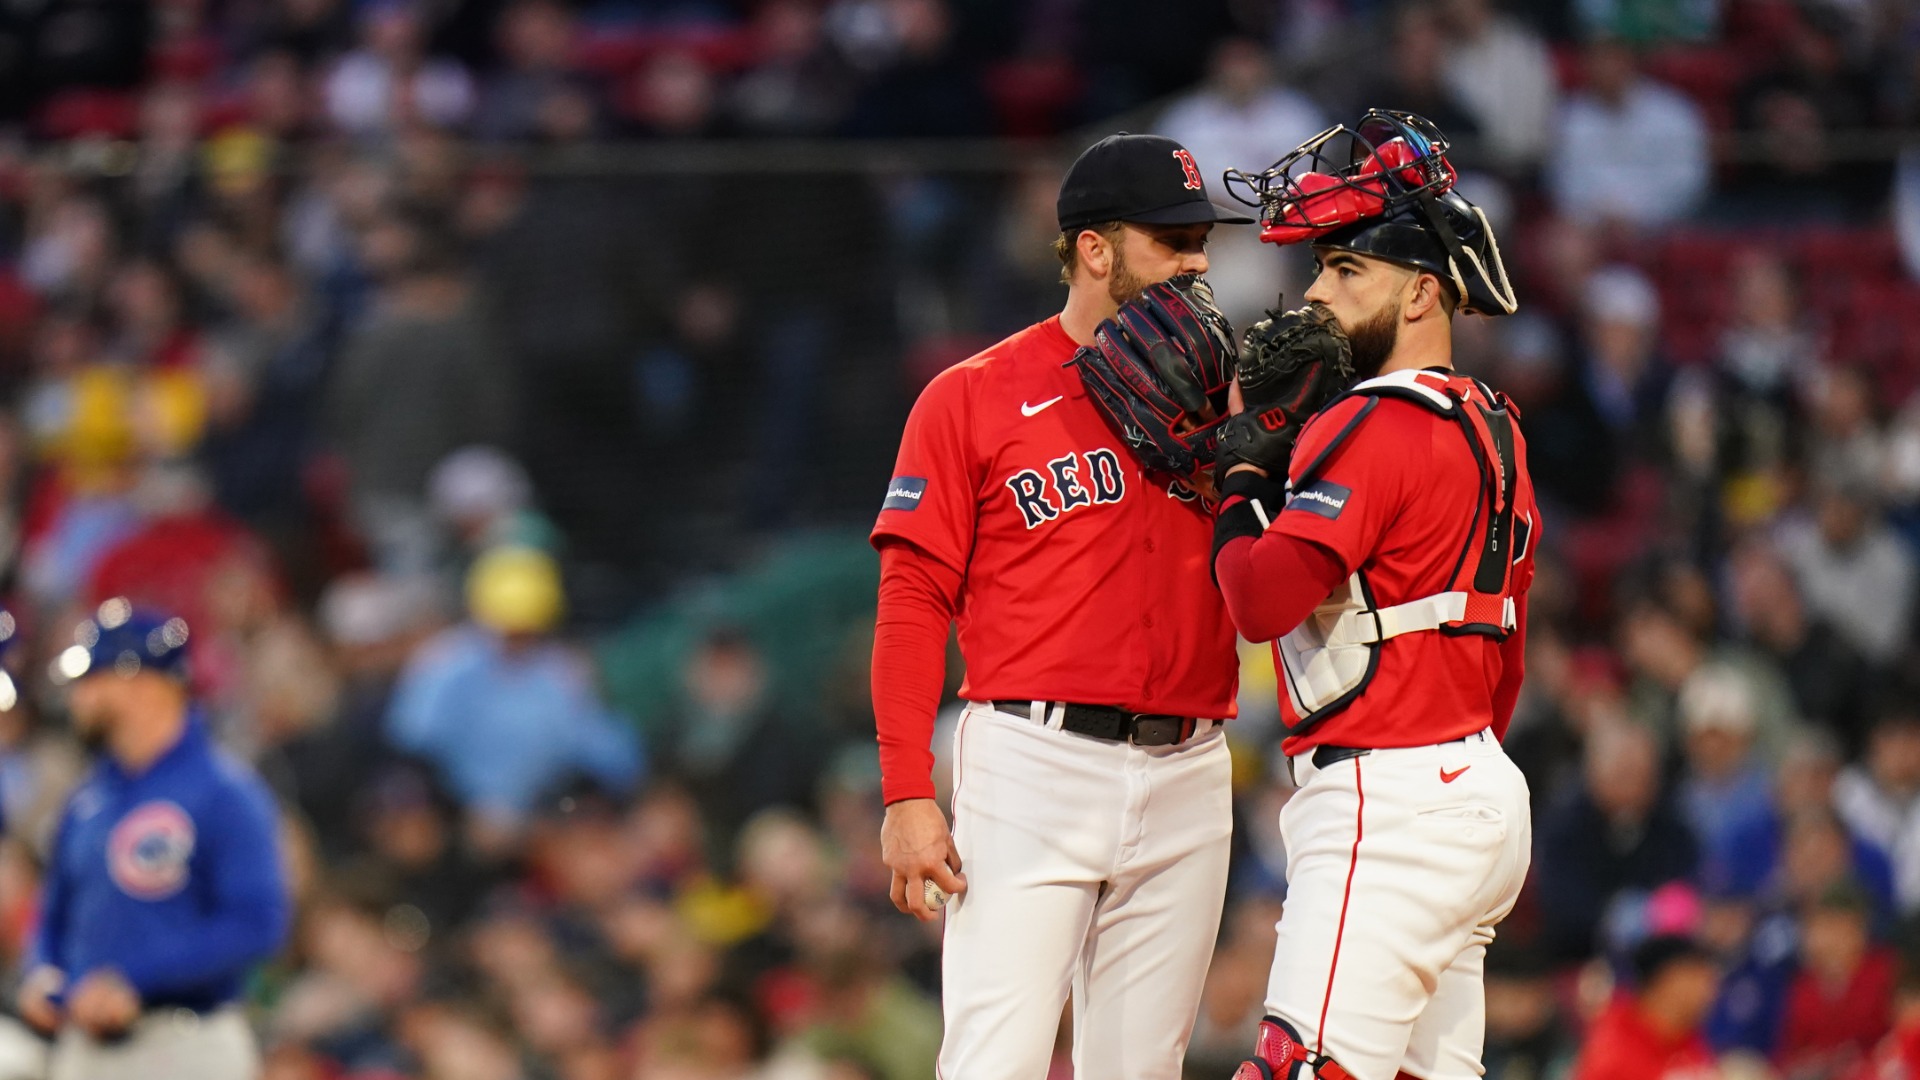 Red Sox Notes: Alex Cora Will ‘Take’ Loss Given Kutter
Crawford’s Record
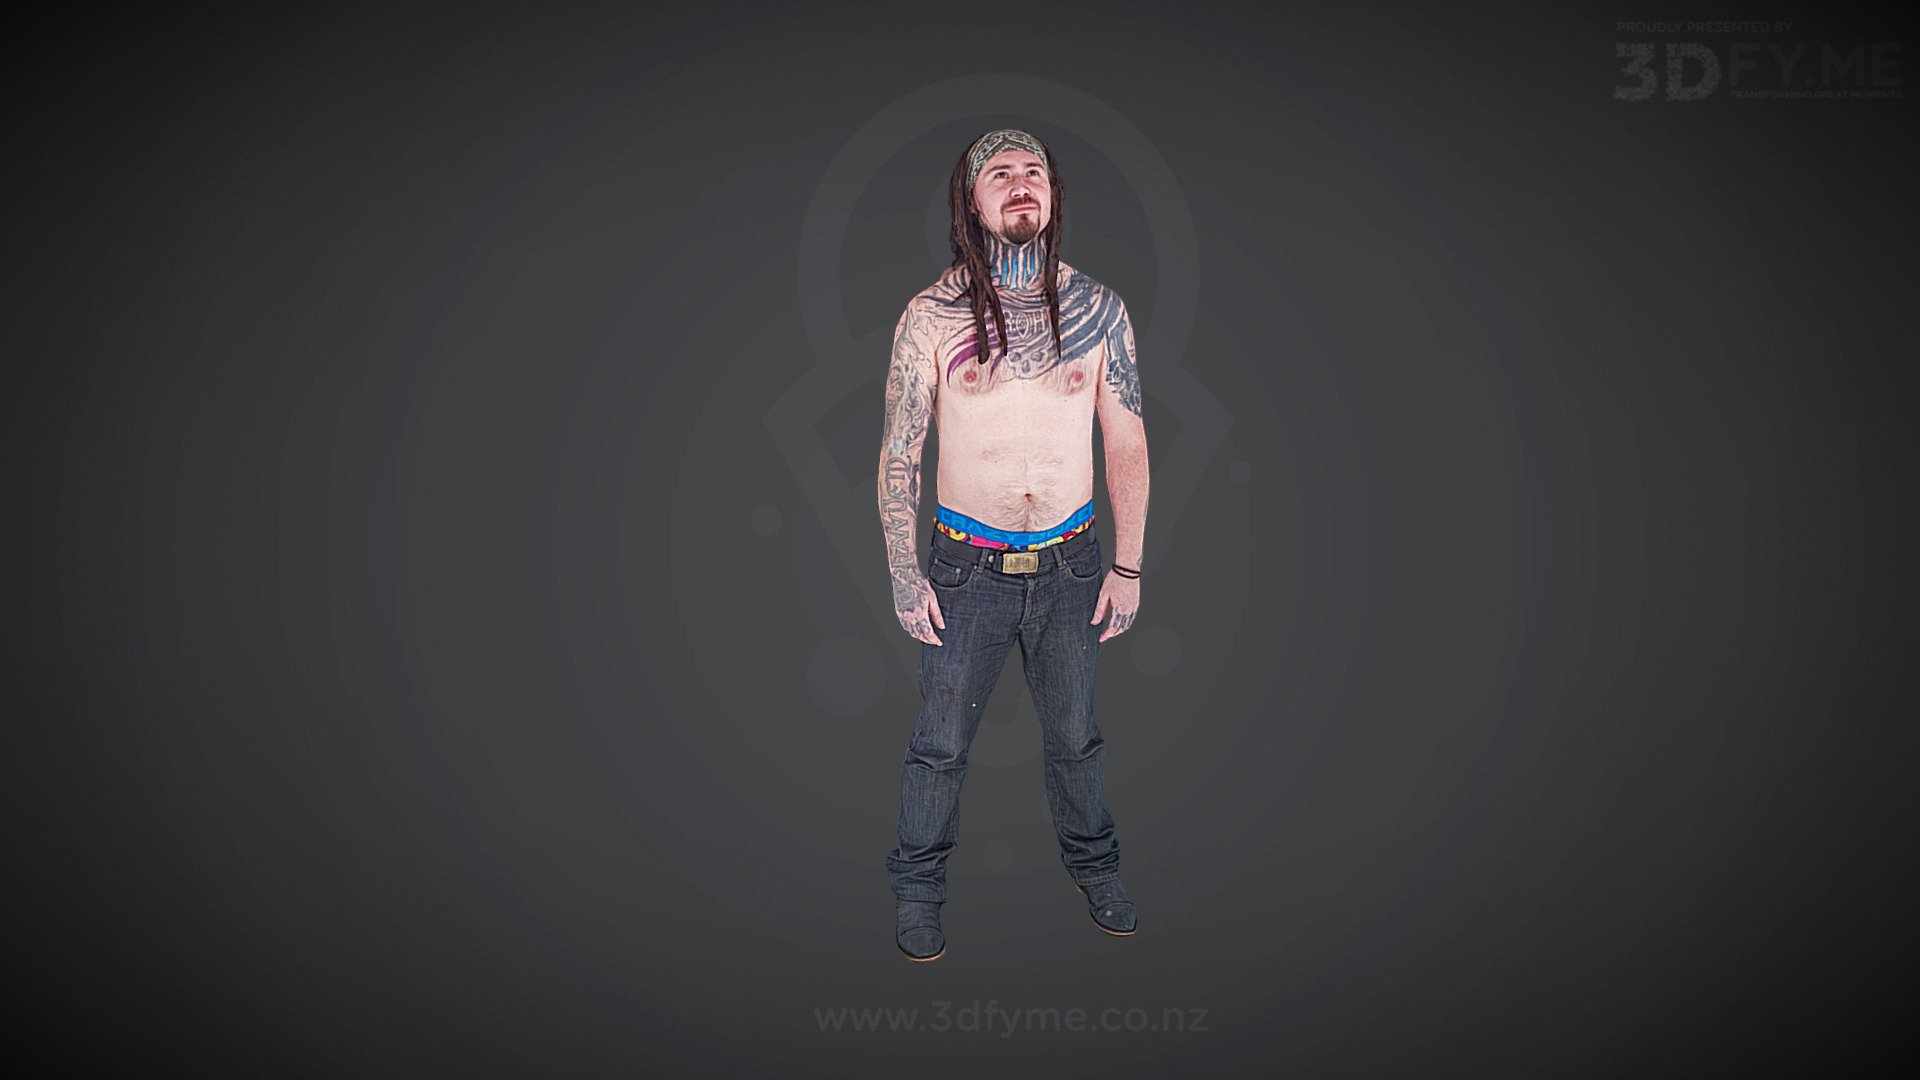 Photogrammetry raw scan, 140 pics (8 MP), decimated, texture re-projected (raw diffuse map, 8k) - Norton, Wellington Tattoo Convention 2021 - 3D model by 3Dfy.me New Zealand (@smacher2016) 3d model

REQUIRED WORK:
All of the data needs repeating exactly, but the pictures do not.

OUTPUT BELOW:
 Red Sox Notes: Alex Cora Will ‘Take’ Loss Given Kutter
Crawford’s Record
 Photogrammetry raw scan, 140 pics (8 MP), decimated, texture re-projected (raw diffuse map, 8k) - Norton, Wellington Tattoo Convention 2021 - 3D model by 3Dfy.me New Zealand (@smacher2016) 3d model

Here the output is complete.